What you are asked to do
The output is the lines below from the one with "Women's dress with" through the one with "Tropical Ocean Coast", both included, printed exactly and with no other line.

Exercise input

########################################

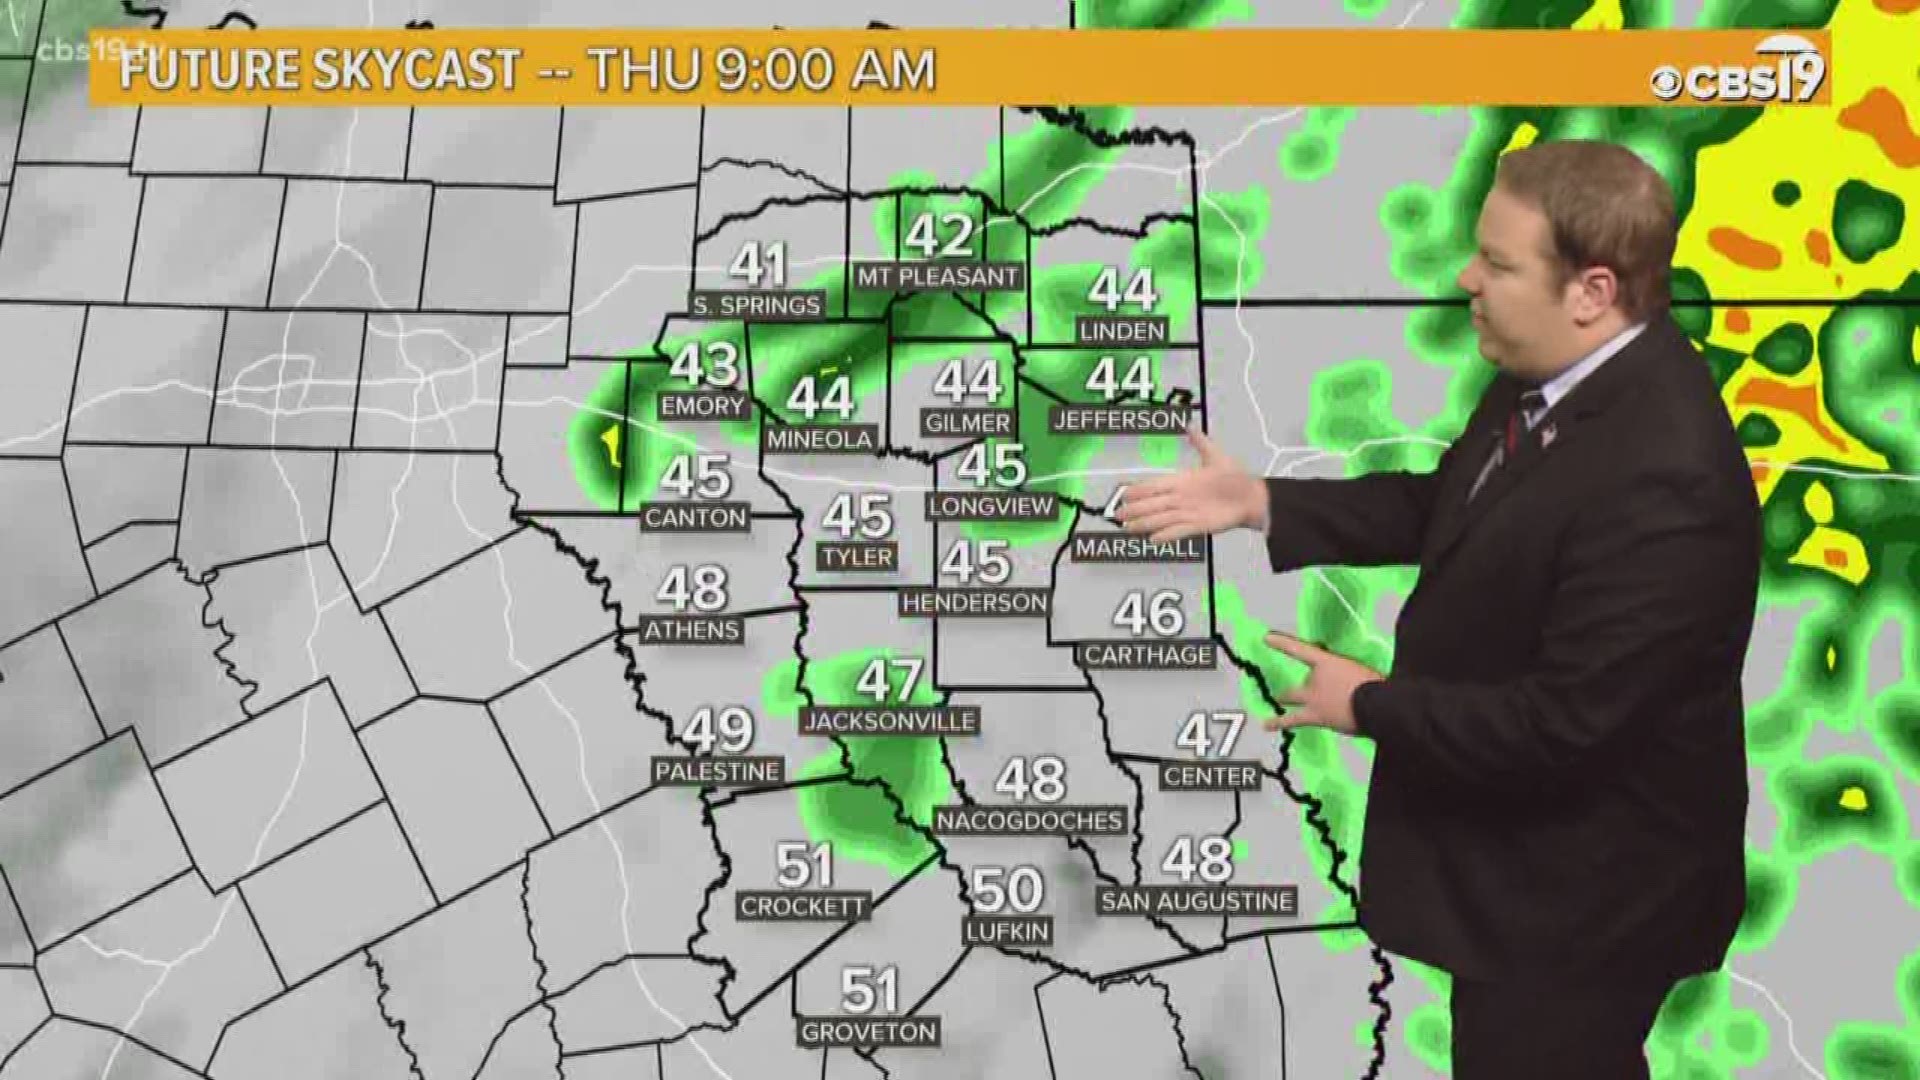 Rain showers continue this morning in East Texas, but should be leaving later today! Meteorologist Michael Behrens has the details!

########################################

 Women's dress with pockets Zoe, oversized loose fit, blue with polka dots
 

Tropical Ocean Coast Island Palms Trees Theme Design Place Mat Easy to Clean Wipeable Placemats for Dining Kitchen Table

########################################

Your solution
 Women's dress with pockets Zoe, oversized loose fit, blue with polka dots
 

Tropical Ocean Coast Island Palms Trees Theme Design Place Mat Easy to Clean Wipeable Placemats for Dining Kitchen Table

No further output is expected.